Senior Petty Officer in Combat Information center looks at chart and calls the bridge:
"Bishops rock ahead appx 50 miles." (I forgot the exact times and distances... so don't try to figure the speed from this)
Bridge acknowledges.
60 min later:
"Bishop's Rock appx 20 miles"
Bridge acknowledges
Appx 20 min later:
"recommend turn to avoid Bishop's Rock"
Appx 10 min more:
"Turn the ship to avoid undersea mountain"
Helmsman sees rock poking up and spins the
wheel AWAY from the rock
They hit the other (hidden) peak...
I knew the guy that was calling the bridge telling them not to hit the rock...

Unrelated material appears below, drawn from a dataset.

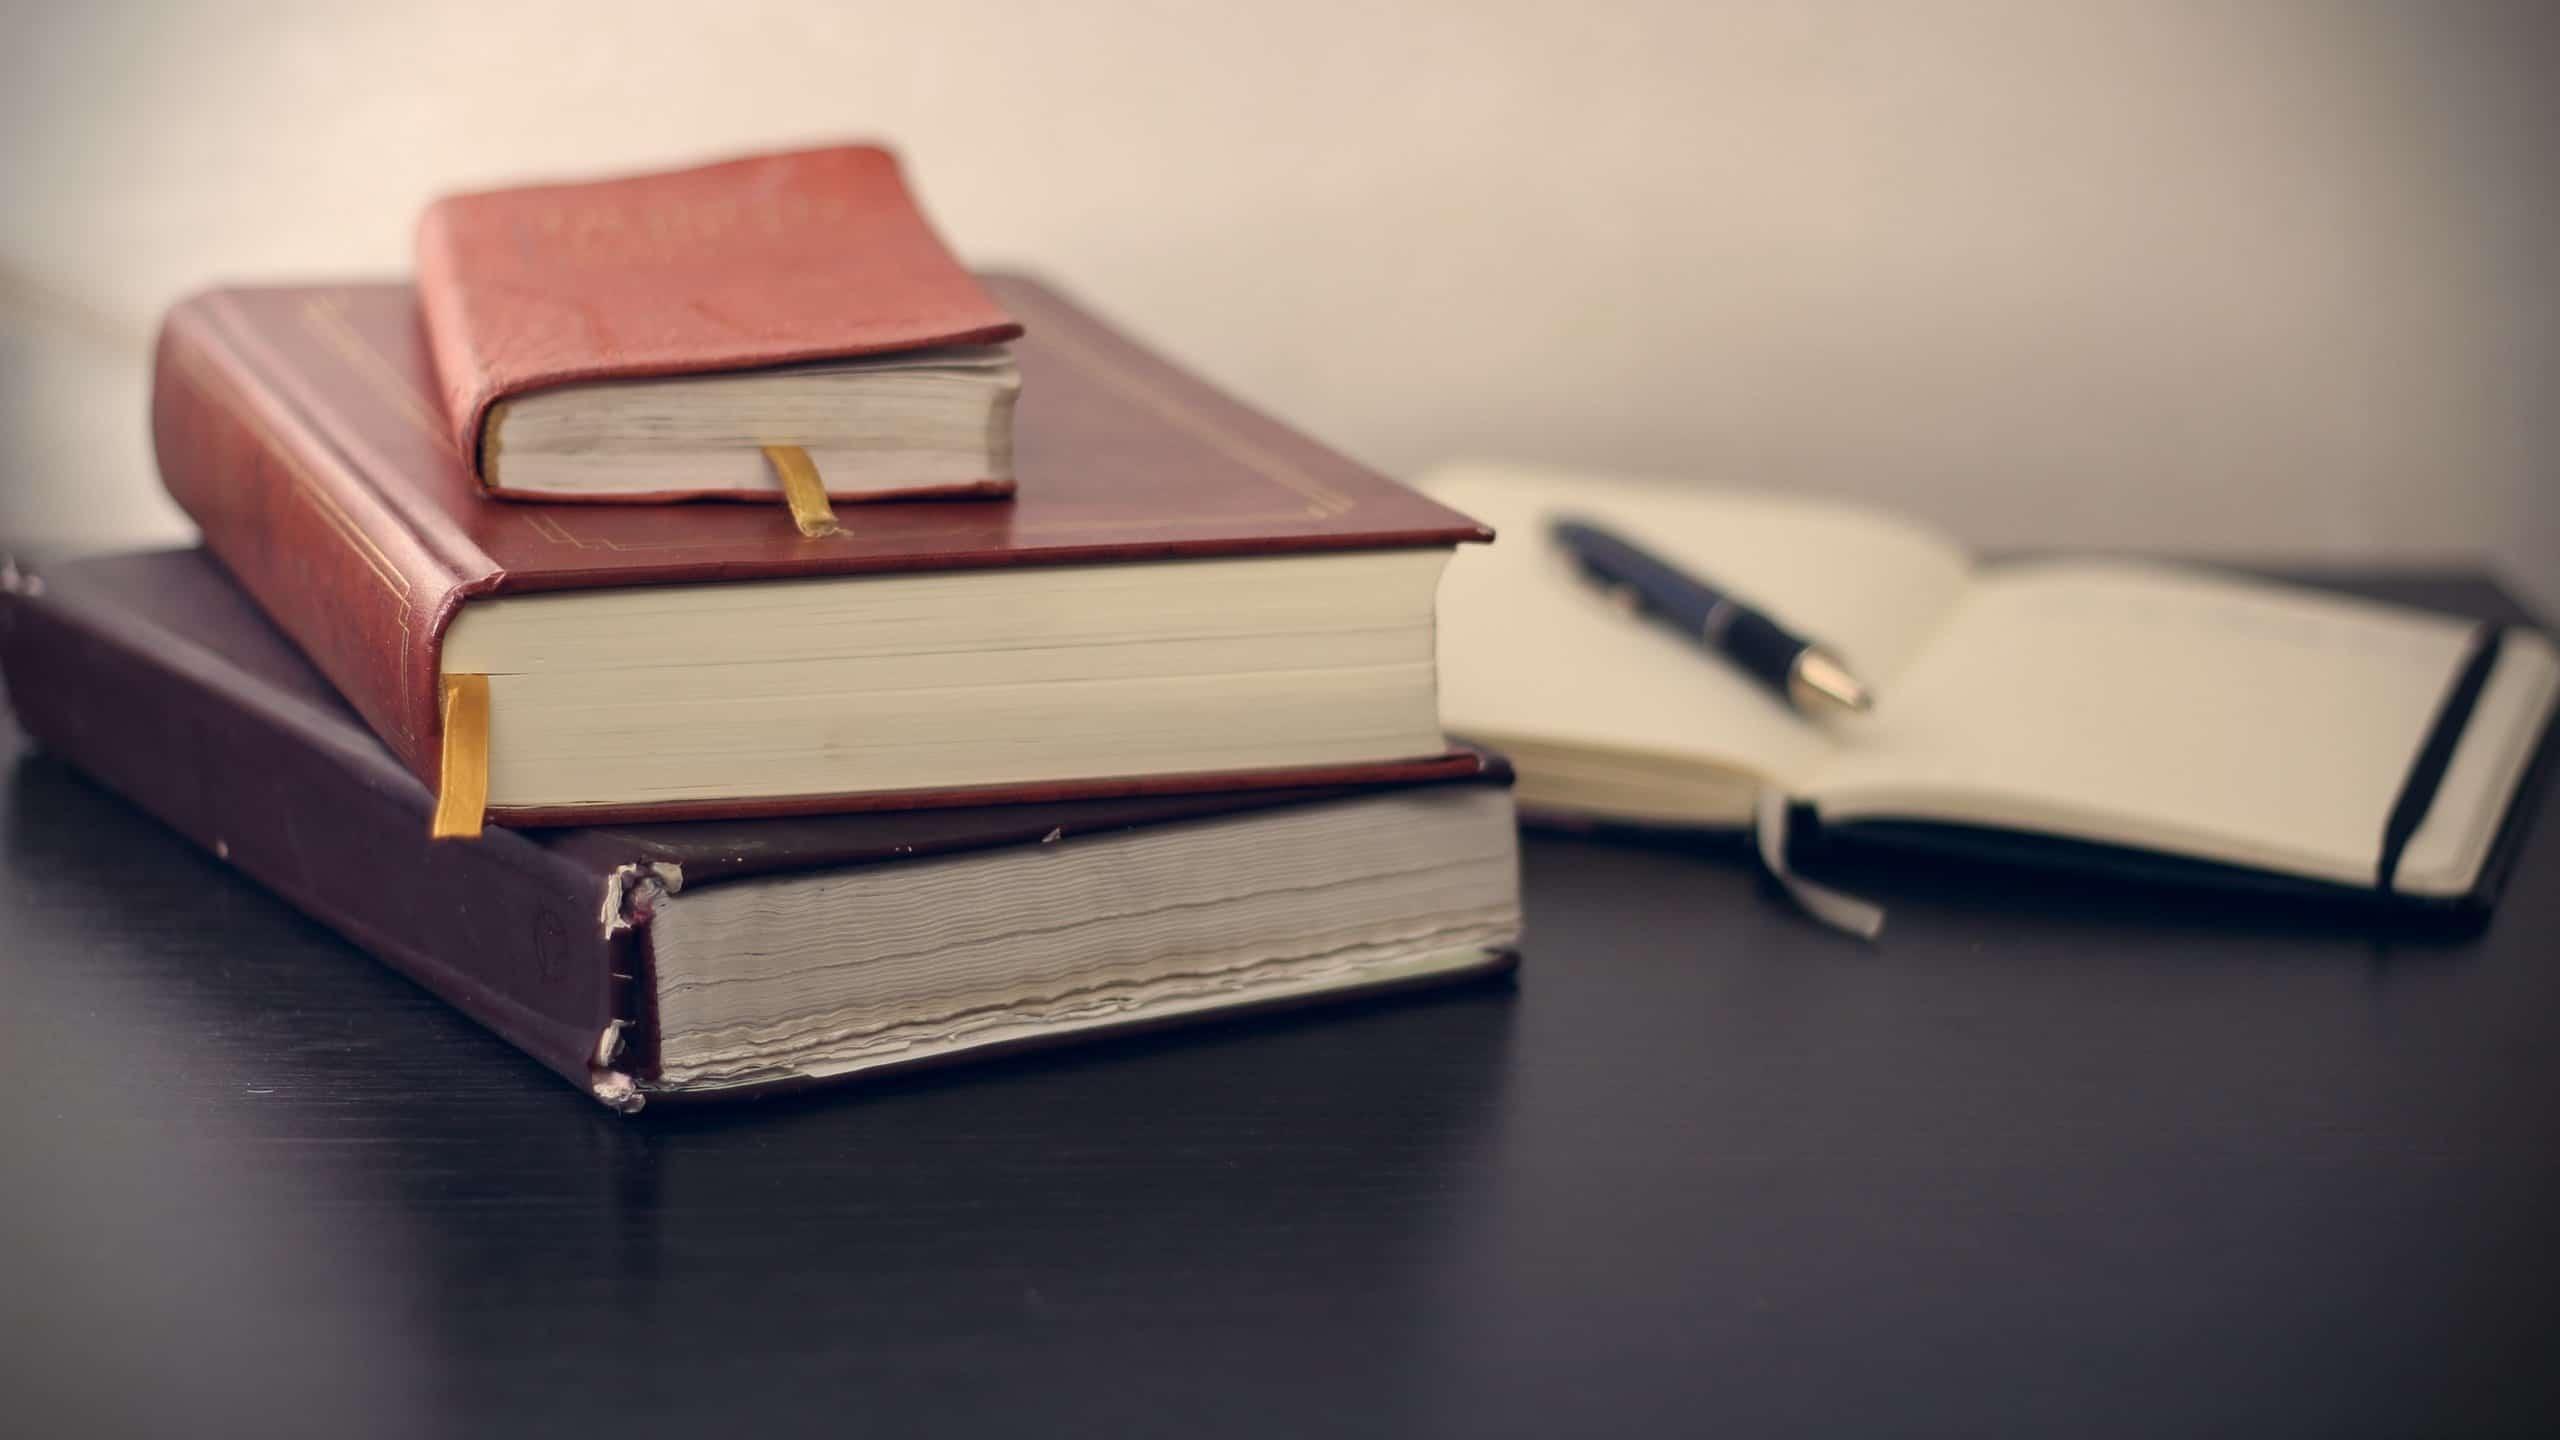 3冊の古い日記帳と新しい日記帳

They first tried to blame him, then the poor guy on the
helm who tried to save the ship.
***************
BTW... they did NOT continue ops... they managed to stabilize the ship and ran the USS Carl Vinson at "EXCEED
PROPULSION PLANT LIMITS" to prepare to
rescue survivors. They thought the Big E was going down.
I was on the Carl Vinson.
USS Enterprise (CVN 65)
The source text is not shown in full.